The Federal Board of Revenue (FBR) has allowed entire Tier-1 retailers who have integrated all their point of sales (POSs) with the Board's system, to adjust input tax to the extent of 95 percent of the output tax for the tax period.
The FBR has amended SRO 1190(I)/2019 through an SRO 344(I)/2020 issued here on Thursday.
According to the SR0 344(I)/2020, the said new provision would be applicable on all Tier-1 retailers who have integrated all their POSs with the Board in terms of Chapter XIV-AA of Sales Tax Rules, 2006.
These retailers have been allowed to adjust input tax to the extent of 95 percent of the output tax for the tax period and the excess amount shall be carried forward to the next tax period.

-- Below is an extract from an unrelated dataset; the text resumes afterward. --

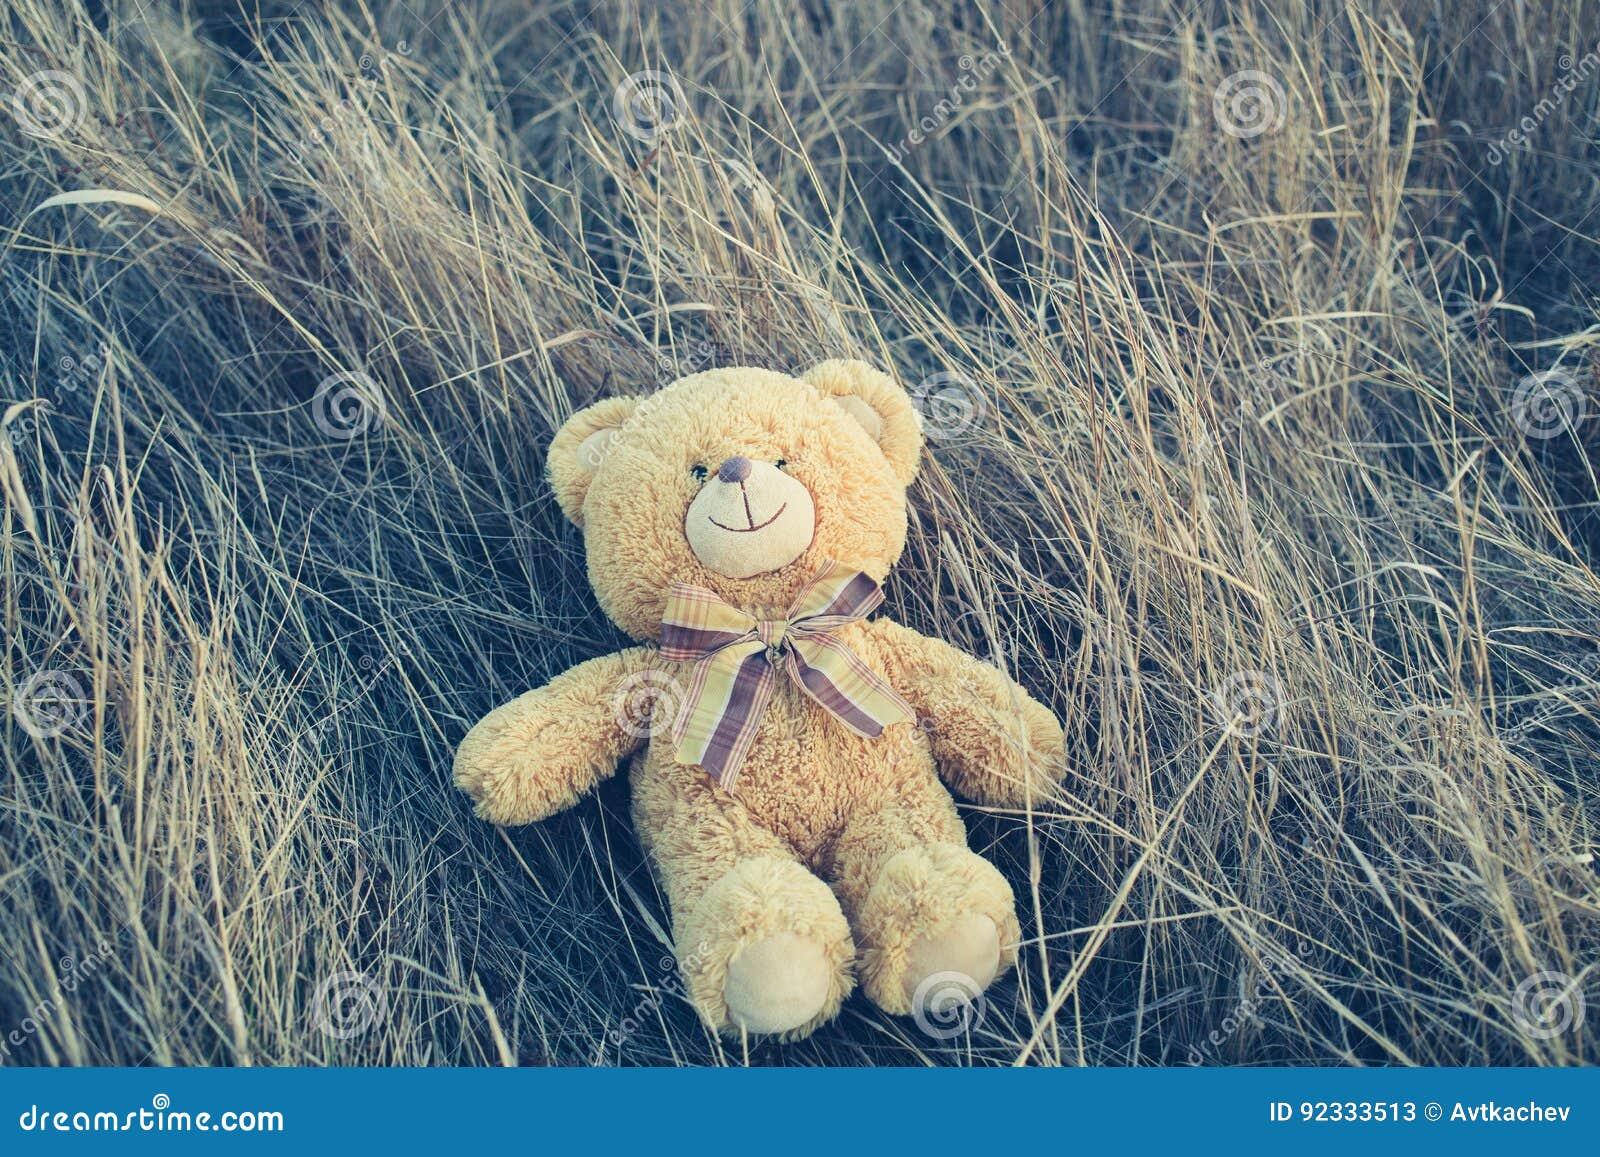 Teddybär betreffen das Gras

Tier-1 covers a retailer operating as a unit of a national or international chain of stores; a retailer operating in an air conditioned shopping mall, plaza or centre excluding kiosks; a retailer whose cumulative electricity bill during the immediately preceding 12 consecutive months exceeds Rs 600,000; and a wholesaler-cum-retailer engaged in bulk import and supply of consumer goods on wholesale basis to the retailers as well as on retail basis to the general body of the consumers and a retailer, whose shop measures 1,000 square feet in area or more.
According to a tax expert, the FBR had issued SRO 1190(I)/2019 with respect to applicability of section 8B of Sales Tax Act, 1990 (STA). The section 8B provides that input tax amount, exceeding 90 percent of the output tax for a period, shall not be allowed to be adjusted in that period and will be carried forward to next tax periods.